PROVIDED DATA:
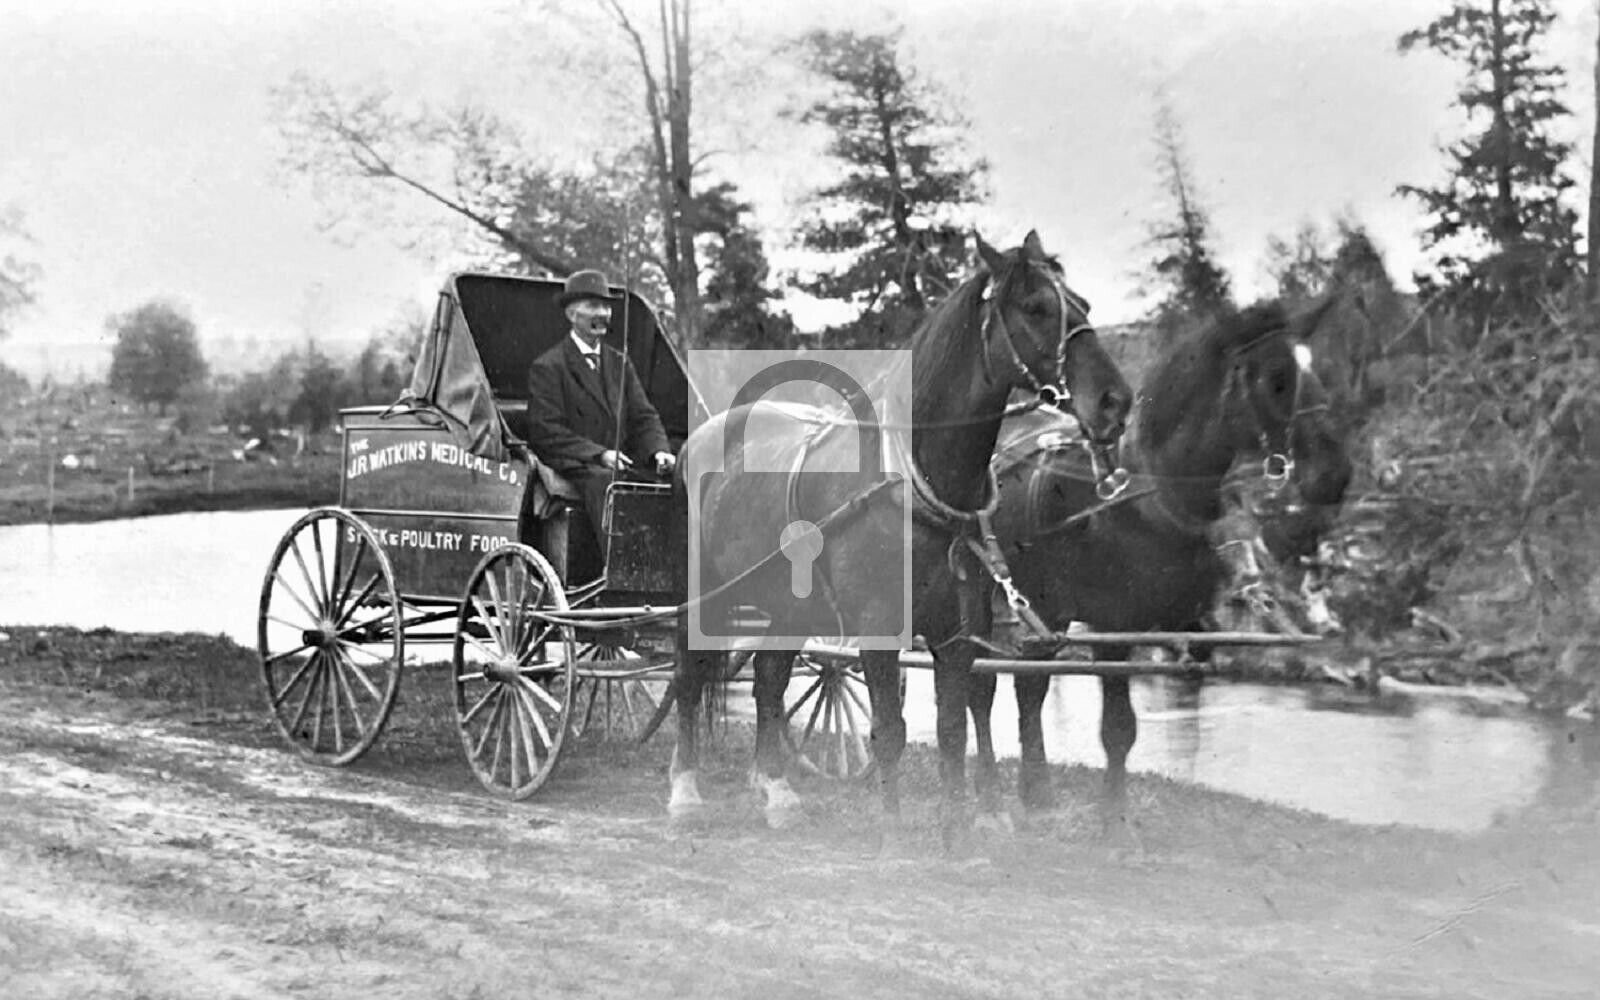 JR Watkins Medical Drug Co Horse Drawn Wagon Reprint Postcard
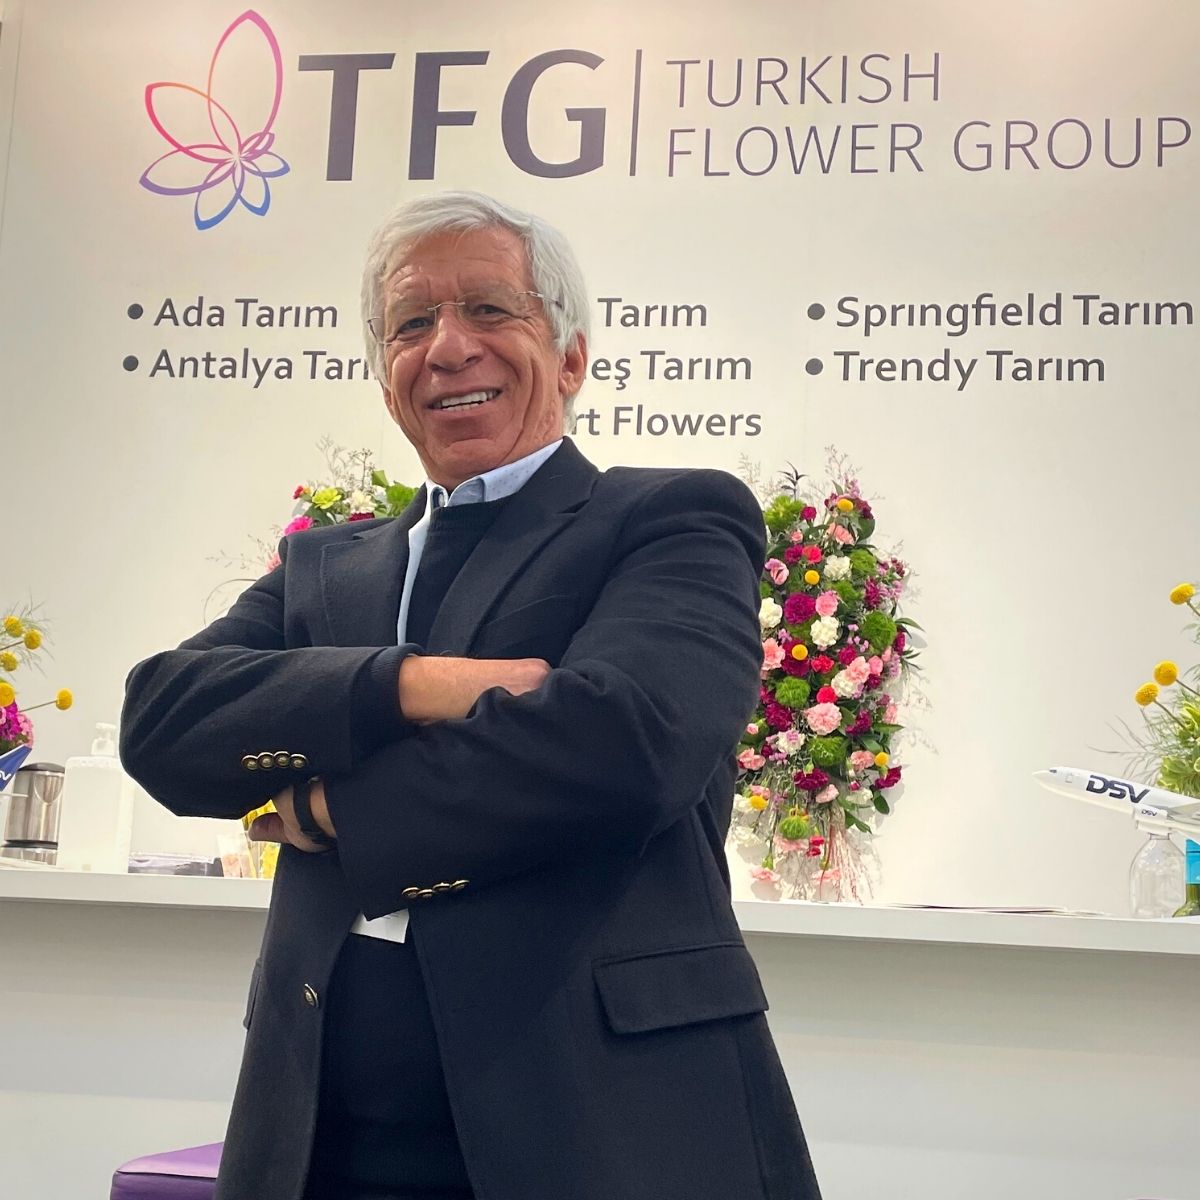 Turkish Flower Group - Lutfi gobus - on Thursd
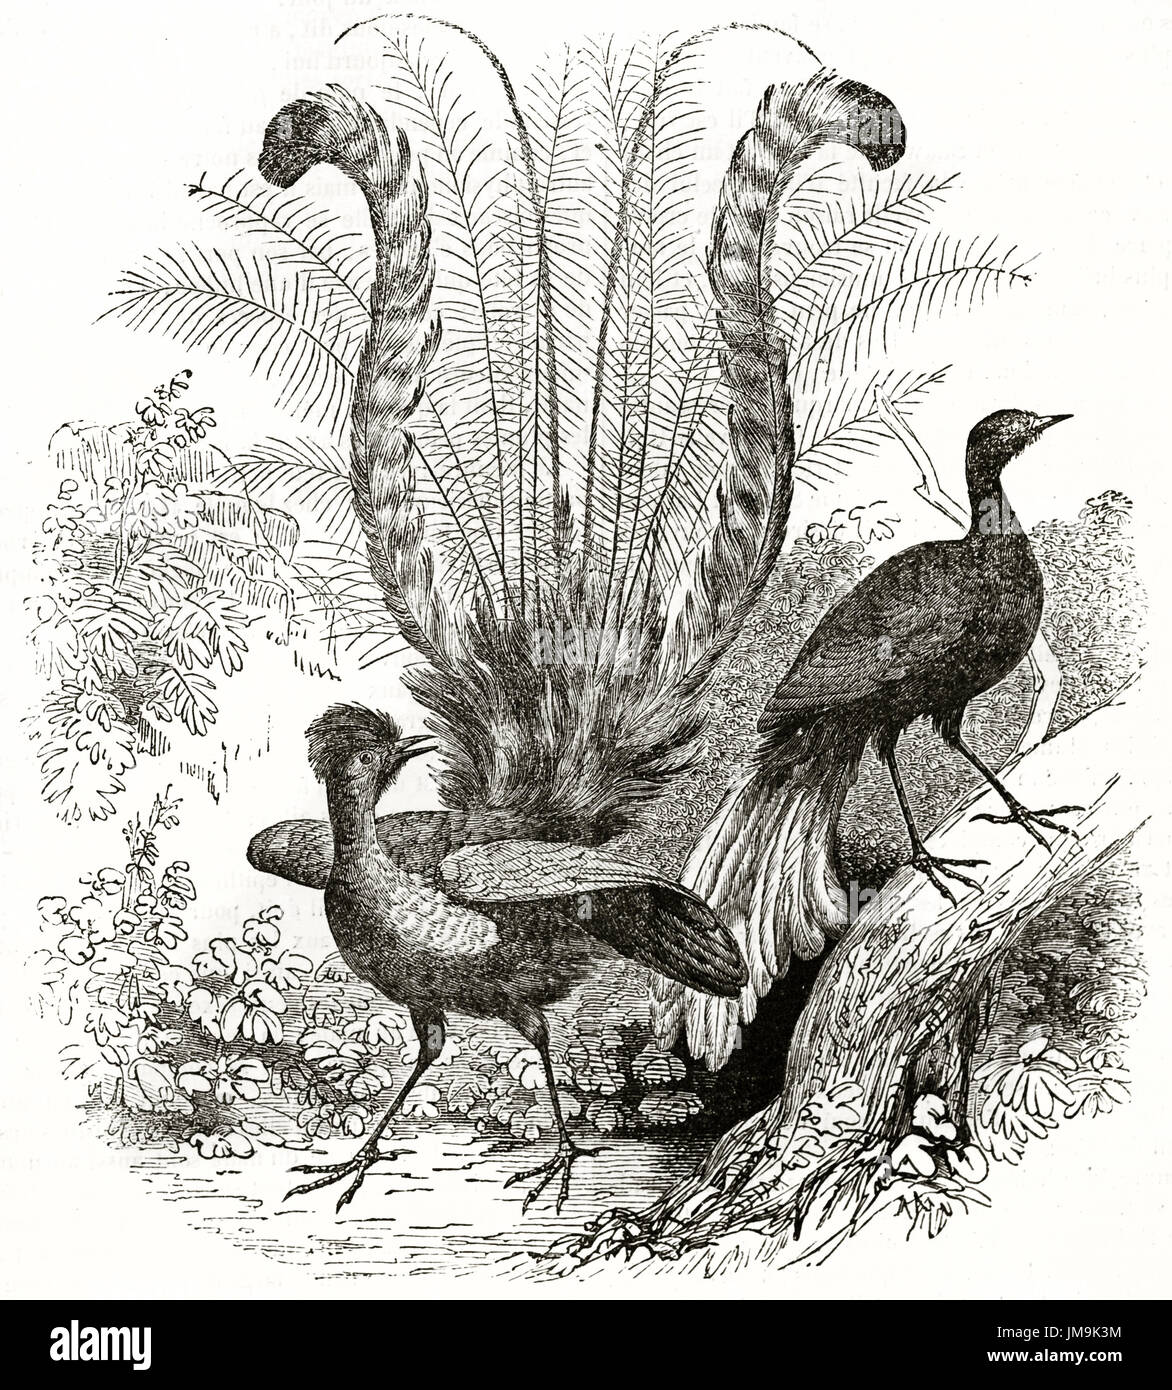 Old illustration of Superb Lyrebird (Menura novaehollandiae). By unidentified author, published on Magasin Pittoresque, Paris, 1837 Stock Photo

TASK TO COMPLETE: For each line above, output its wording exactly and leave out any picture.

EXERCISE SOLUTION:
 JR Watkins Medical Drug Co Horse Drawn Wagon Reprint Postcard
 Turkish Flower Group - Lutfi gobus - on Thursd
 Old illustration of Superb Lyrebird (Menura novaehollandiae). By unidentified author, published on Magasin Pittoresque, Paris, 1837 Stock Photo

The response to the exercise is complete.